> **Task details**
Starting at the first line of the data, print every line up to and including the one with "Carlos Alcaraz with", but no pictures.

> **Source material**

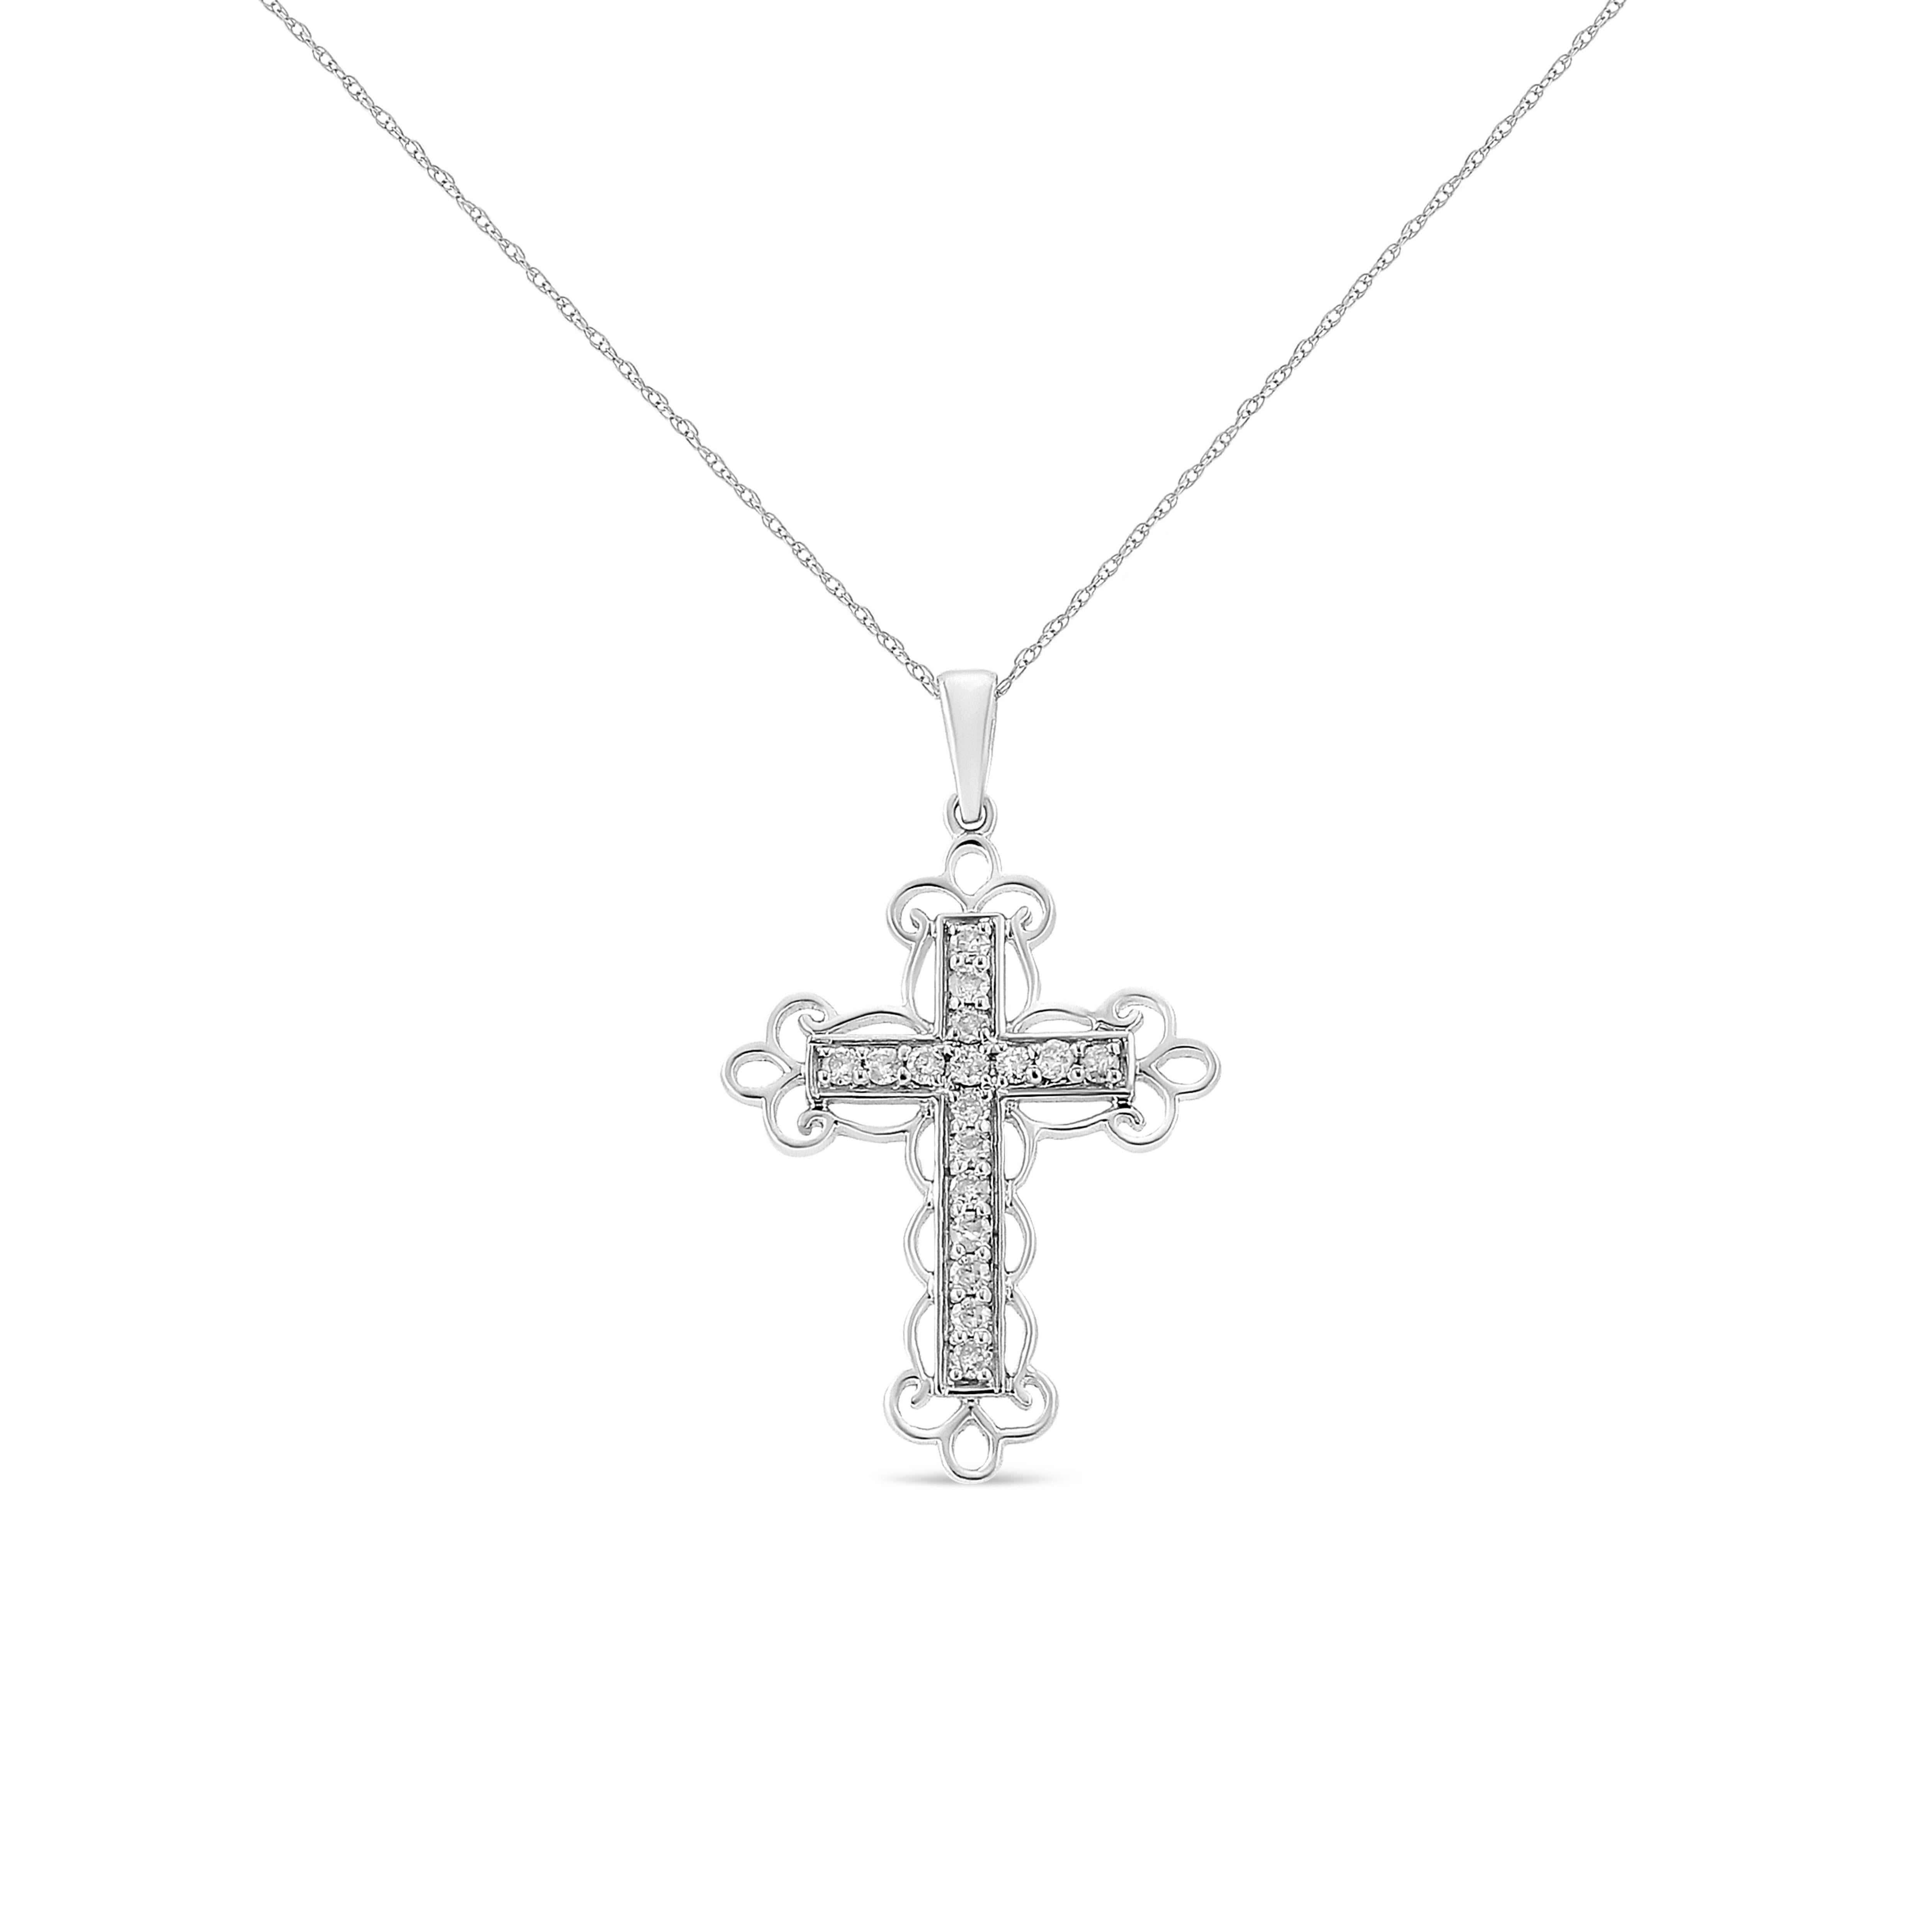 Celebrate your inner spirituality with this magnificent art-deco diamond cross pendant. This necklace is embellished with a 1/4 cttw of natural, round-cut diamonds. Silver spirals all around the cross to create a fancy eye-catching design. The
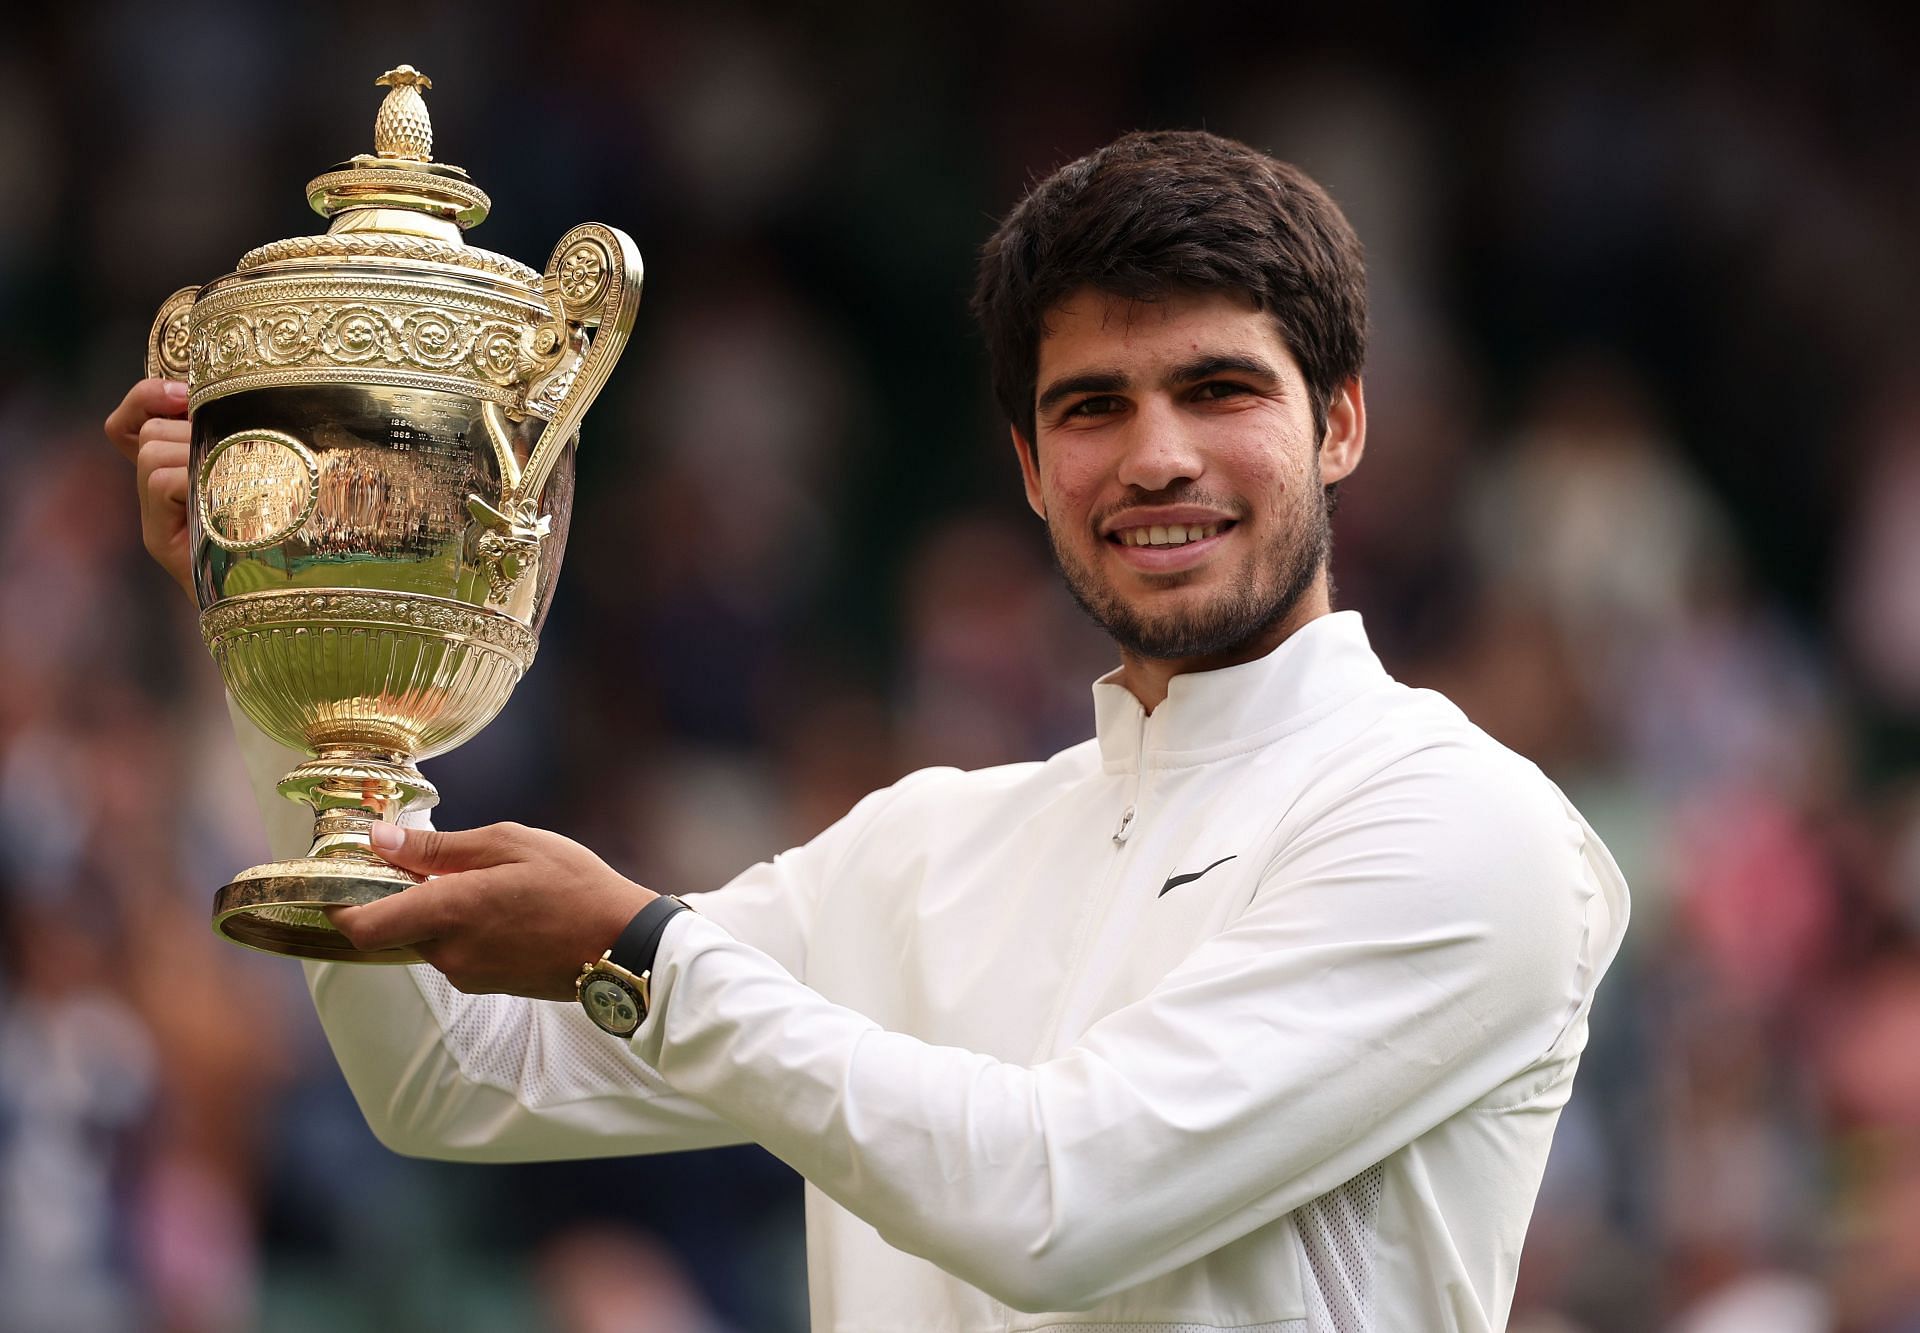 Carlos Alcaraz with the Wimbledon Trophy (via Getty Images)
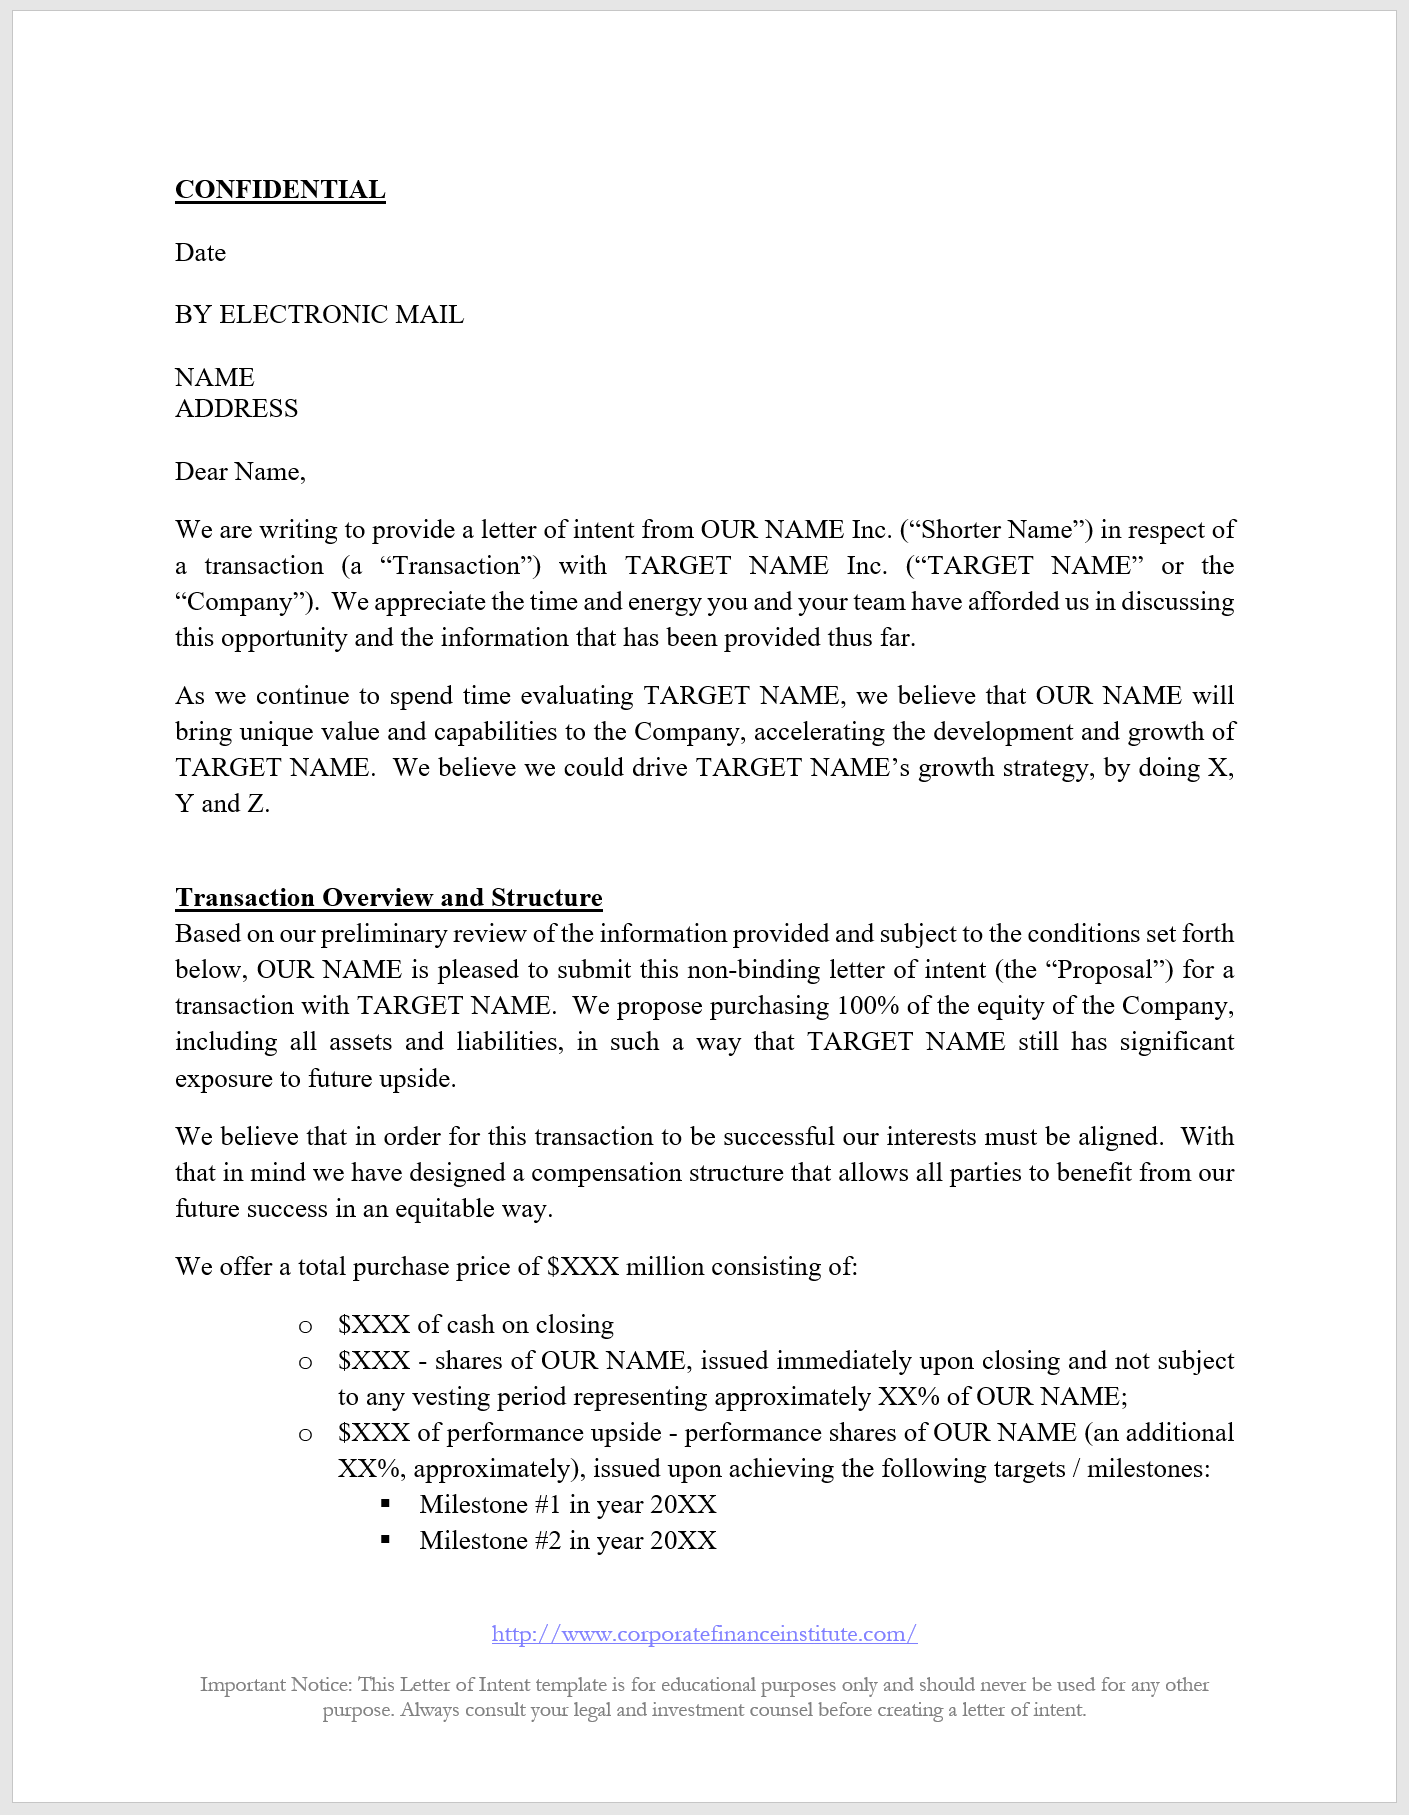 Letter Of Intent To Purchase Template from corporatefinanceinstitute.com

> **Result of this exercise**
 Celebrate your inner spirituality with this magnificent art-deco diamond cross pendant. This necklace is embellished with a 1/4 cttw of natural, round-cut diamonds. Silver spirals all around the cross to create a fancy eye-catching design. The
 Carlos Alcaraz with the Wimbledon Trophy (via Getty Images)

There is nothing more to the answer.